OpenStack Focus

There has been a bit of concern expressed lately that OpenStack is somehow losing its focus, and is in danger of losing its momentum because of the effect of the Big Tent, and its  resulting growth in the number of projects that call themselves OpenStack. This growth has even been blamed for the recent layoffs of OpenStack developers. Some have called on the OpenStack leadership to dismantle the Big Tent approach, and only focus on a few core projects.

While it is true that the plethora of projects has diverted attention from the work needed in the heart of OpenStack (and I won’t go into how to draw the line separating the two here), I feel that the criticism is misplaced. It isn’t up to the governing bodies of OpenStack to enforce such a refocusing; rather, it is up to the contributors to make such decisions. That’s just the way that open source development works. It is silly to think that companies like HPE would take their marching orders from the OpenStack Foundation Board, or the OpenStack TC. The idea of the Big Tent, that all projects that are “one of us” shall have access to the same resources, is fine as it is.

The mistake that I believe many companies made is that they tried to focus on beefing up numbers that are irrelevant, such as lines of code, or the number of cores or PTLs they employed, as a way of demonstrating their commitment to OpenStack. They then would use those numbers for their sales teams as a selling point for their OpenStack-based offerings.

Open Source is a difficult sell for most companies; they certainly understand the benefit when they use it, but have a much harder time justifying the cost of paying their employees to work on something that is used by everyone, even their competitors. So they came up with ways of selling their particular spin on OpenStack, and used these contribution number to impress customers. So when that failed to generate the type of revenue that was expected, out came the axe.

I believe that many of these companies encouraged the development of these small peripheral projects because it would be easier for one of their employees to achieve core status, and possibly get elected PTL, which their marketing departments would use in an attempt to prove that company’s OpenStack-ness.

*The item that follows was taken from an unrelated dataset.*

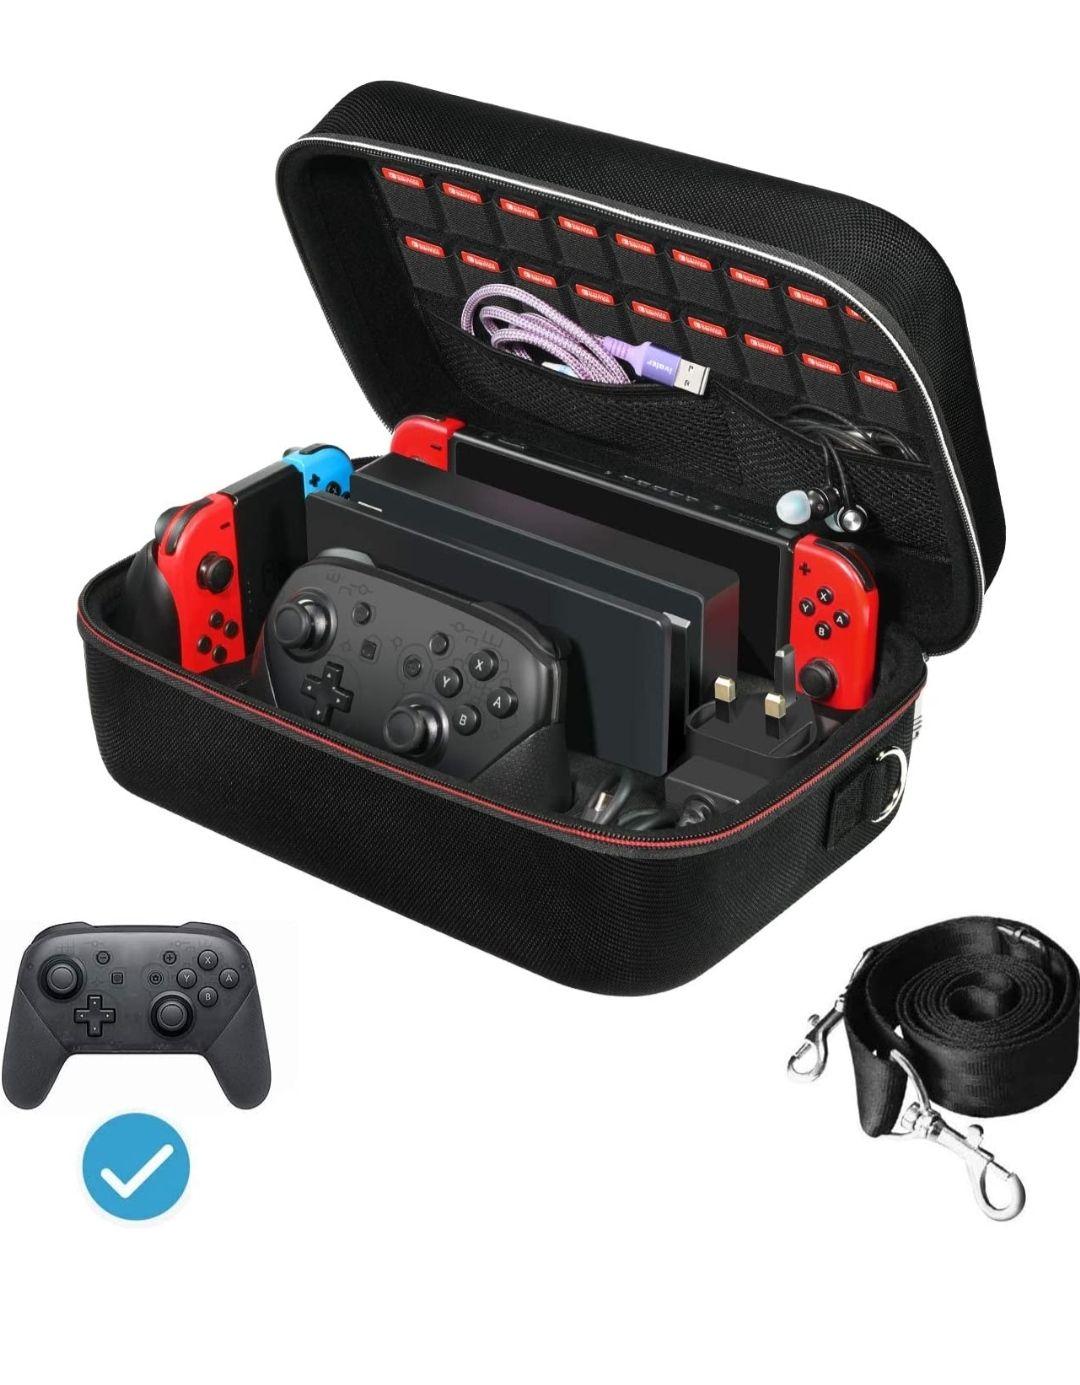 Etui deluxe pour Nintendo Switch (Vendeur tiers)

I don’t agree that there is anything that OpenStack itself needs to do. Rather, the companies who are contributing to OpenStack need to better understand the nature of open source development, and focus on those areas that will make OpenStack as a whole richer and more reliable, instead of gaming the system to make themselves look important. So please stop saying that this is the fault of the Big Tent.

Pair Development

If you’ve worked on large open source projects, one of the difficulties is dividing the workload. The goal, of course, is to spread it out so that every developer has a workload that will keep them busy, and everyone is working in sync towards a common goal. This isn’t easy in practice, as there is no top-down authority to hand out assignments and keep everyone on track, as there is in a corporate development environment. It requires a good deal of communication among the members of the team, as well as a good deal of trust.

This problem was brought to light recently in the Nova community. The issue was with the subteam working on the scheduler/placement engine, of which I’m a member. During the Newton development cycle, there was a significant bottleneck due to the fact that one person, Chris Dent, was responsible for a large chunk of work in designing and coding the Placement API and underlying engine, while the rest of us could only help by doing reviews after the code was written. And this isn’t a new thing: during Mitaka, it was Jay Pipes who was the bottleneck with the development of the Resource Providers concept, and in Liberty, it was Sylvain Bauza with the huge amount of work he did to integrate the Request Spec into Nova. Don’t get me wrong: I’m not criticizing any of these people, as they all did great work. Rather, I am expressing frustration that they bore the brunt of the load, when it didn’t have to be that way. I think that it is time to try a different approach in Ocata.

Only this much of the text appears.